When choosing a device, I would encourage practitioners to research thoroughly and assess clinical data and studies pertaining to the specific device.
Research thoroughly and assess clinical data and studies pertaining to the specific device
Commonly known as ‘fat freezing’, cryolipolysis exploits evidence that adipocytes are more susceptible to cooling than other skin cells. Targeted application of precisely controlled cooling effectively targets and triggers apoptosis of the adipocytes whilst leaving the skin itself unaffected.21 This is a modality I have used extensively in my practice throughout the submentum, brachium, upper back, abdomen, flanks, thighs and supra-patellar compartments.

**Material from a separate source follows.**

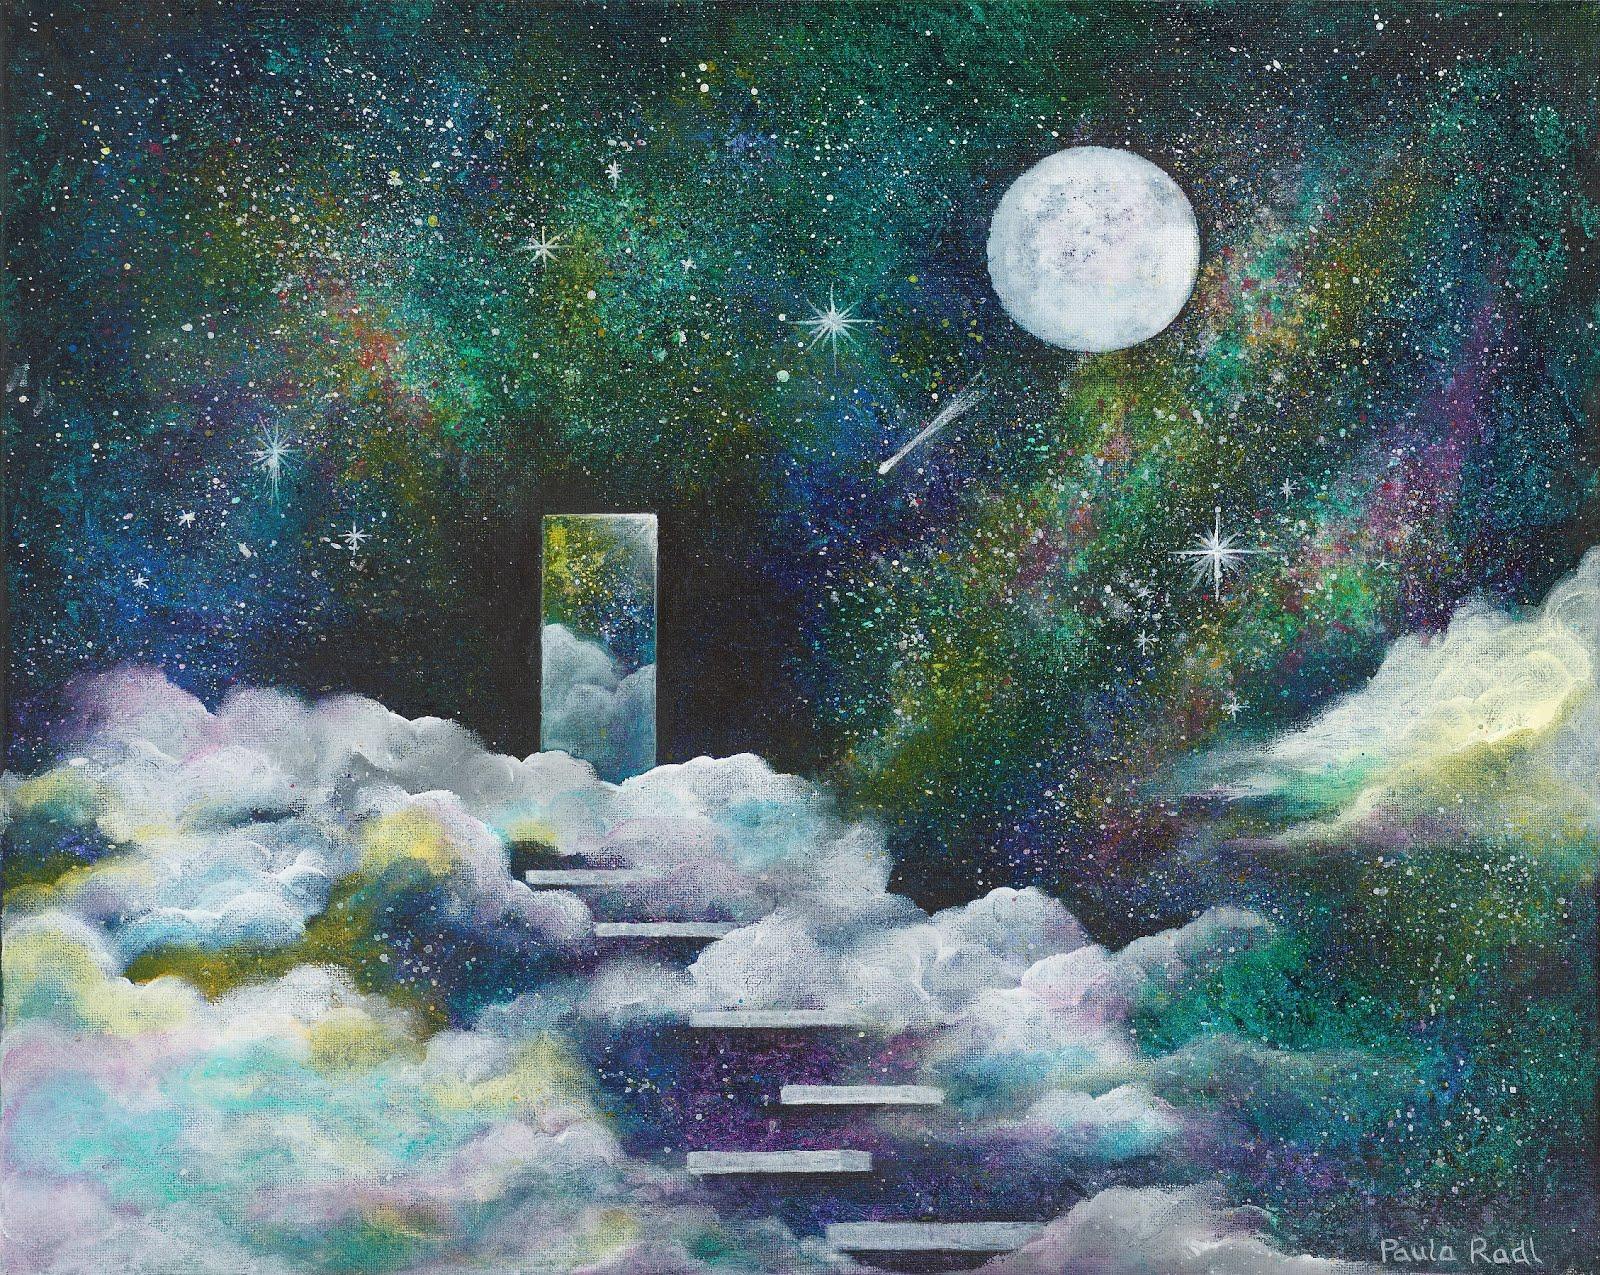 Paula Radl Prints and Paintings on Canvas for Sale- Inkdrop Gallery

Traditionally used in physical therapy and urology, electromagnetic muscle stimulation (EMMS) devices have become more popular in aesthetic medicine clinics for body contouring purposes. One 2020 study by Kilmer et al. explains that EMMS has the advantage of not coupling through the patient’s skin, thus minimising discomfort caused by sensory nerve stimulation. Clinical studies have been conducted to show safety and efficacy of EMMS for body contouring in the abdomen and buttocks.25,26 Electromagnetic muscle stimulation has also been used for toning and strengthening thighs.22
Liposuction remains a viable and highly effective outpatient option for fat removal and the procedure removes adipose tissue from the subcutaneous space in order to shape the silhouette. It is advantageous in that it limits future deposition of fat in treated areas.23 I have seen the benefits of surgical interventions for these patients. It’s therefore important that should you consider body contouring treatments in your practice, and that you are also aware of the surgical techniques available so you can refer patients who will not respond to less invasive techniques.

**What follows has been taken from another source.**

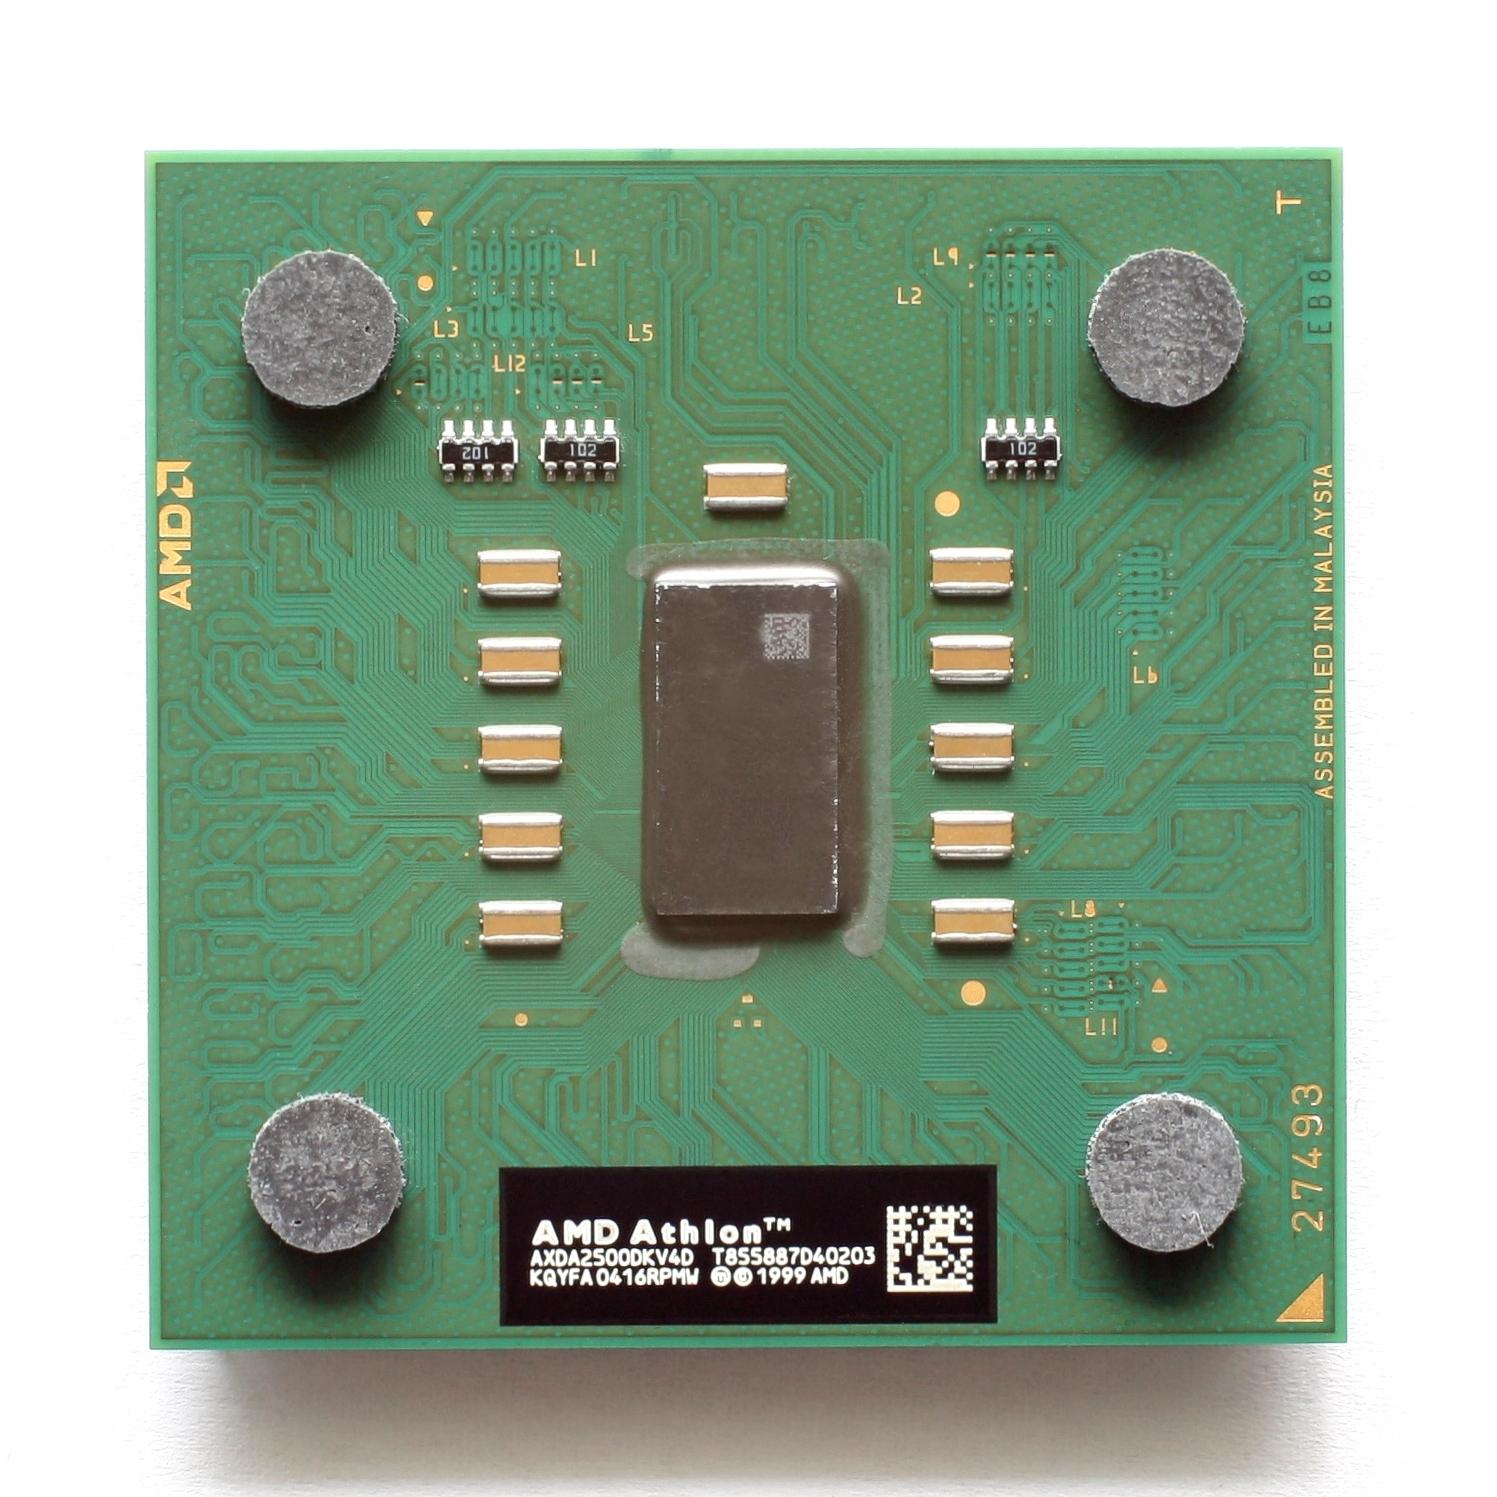 AMD Athlon(tm) 64 Processor - driver software FOUND

When a patient presents at a body contouring consultation it’s essential to establish how realistic they are about their goals, and that they understand the commitment and investment that they will need to make from the offset as part of their treatment journey. The level of commitment differs between patients, indications and severity of those indications. However, patients could on average expect three to six treatment sessions over a three-to-six-month period using non-surgical methods, alongside a nutrition and exercise plan.
This should be discussed with the individual during the consultation process. As well as looking at the patient’s silhouette, it is crucial that practitioners adopt a holistic approach and treat every case on its individual merit, taking all factors including general health, nutrition, physical activity, genetic, medical co-morbidities and hereditary conditions into account. This is in addition to any life events such as pregnancy, and any weight fluctuations. So, you really need to be looking at the patient as a whole and considering their overall wellness. In my experience, patients that tend to have frequent weight variations and more inconsistent lifestyle factors require more counselling to achieve realistic expectations. This will give an overall synopsis of the patient and what treatment modalities are likely to work best for them resulting in the best patient outcome.

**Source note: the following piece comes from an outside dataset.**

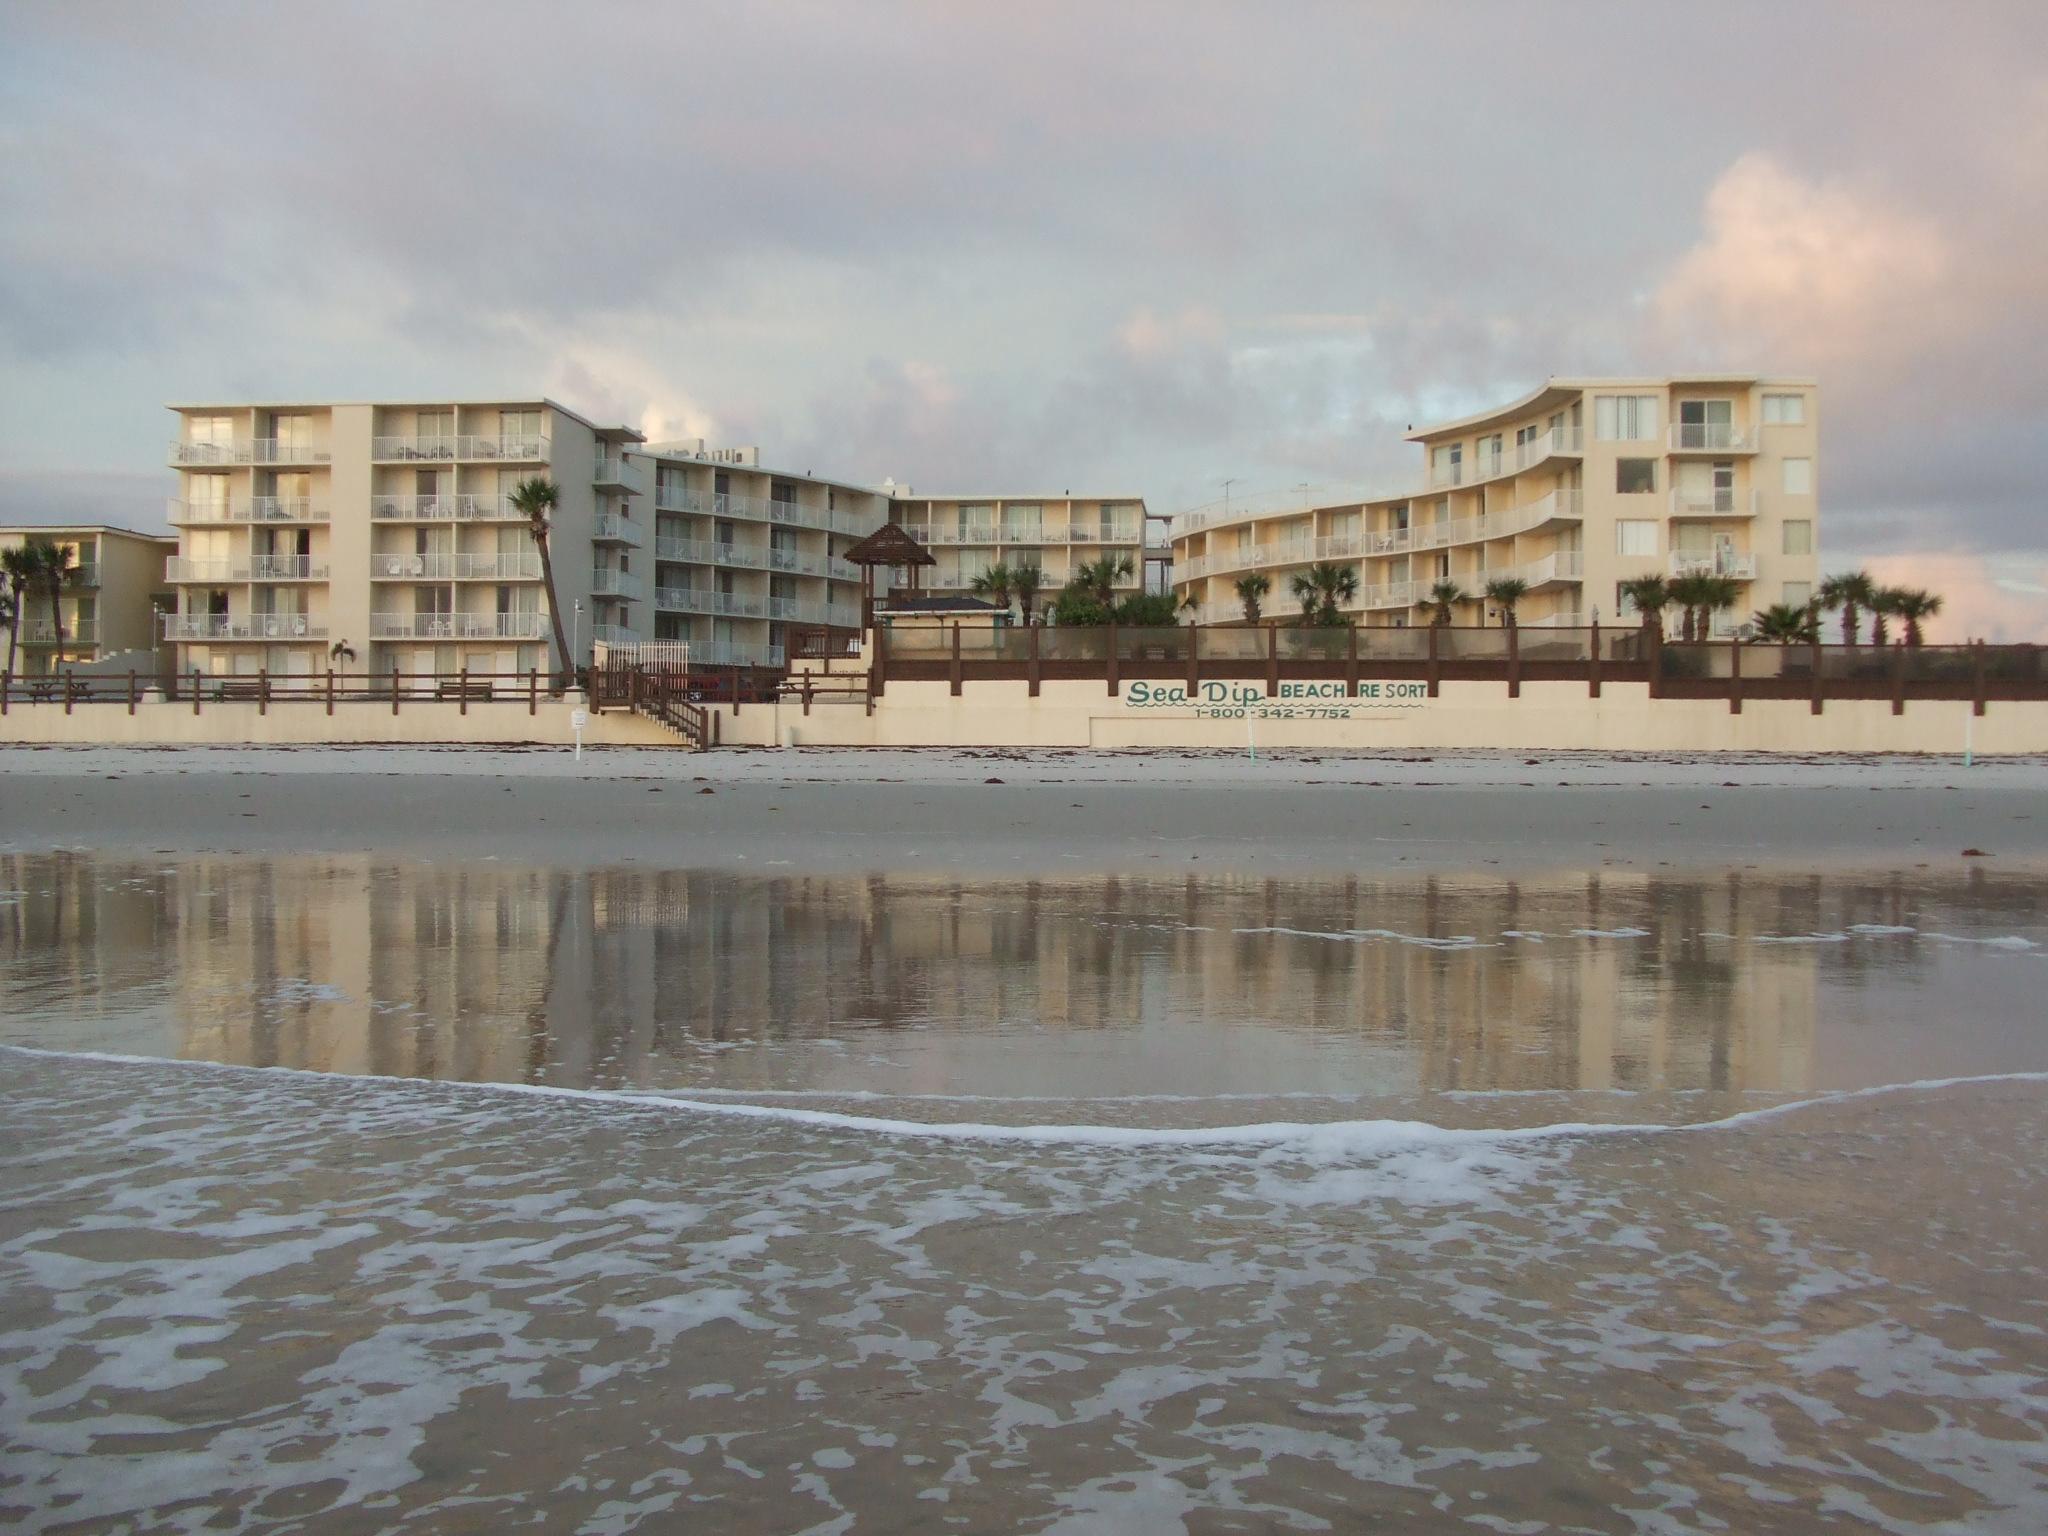 Sea Dip Beach Resort and Condominiums

Body contouring continues to be a growth area within the aesthetics industry and a combination of surgical and non-invasive modalities are available to practitioners that work effectively on a wide range of indications including skin laxity issues, fat reduction, wrinkle reduction and cellulite reduction. Practitioners should research all available options, prioritise safety and efficacy and embark on a thorough, personalised consultation prior to agreeing patient treatment plans.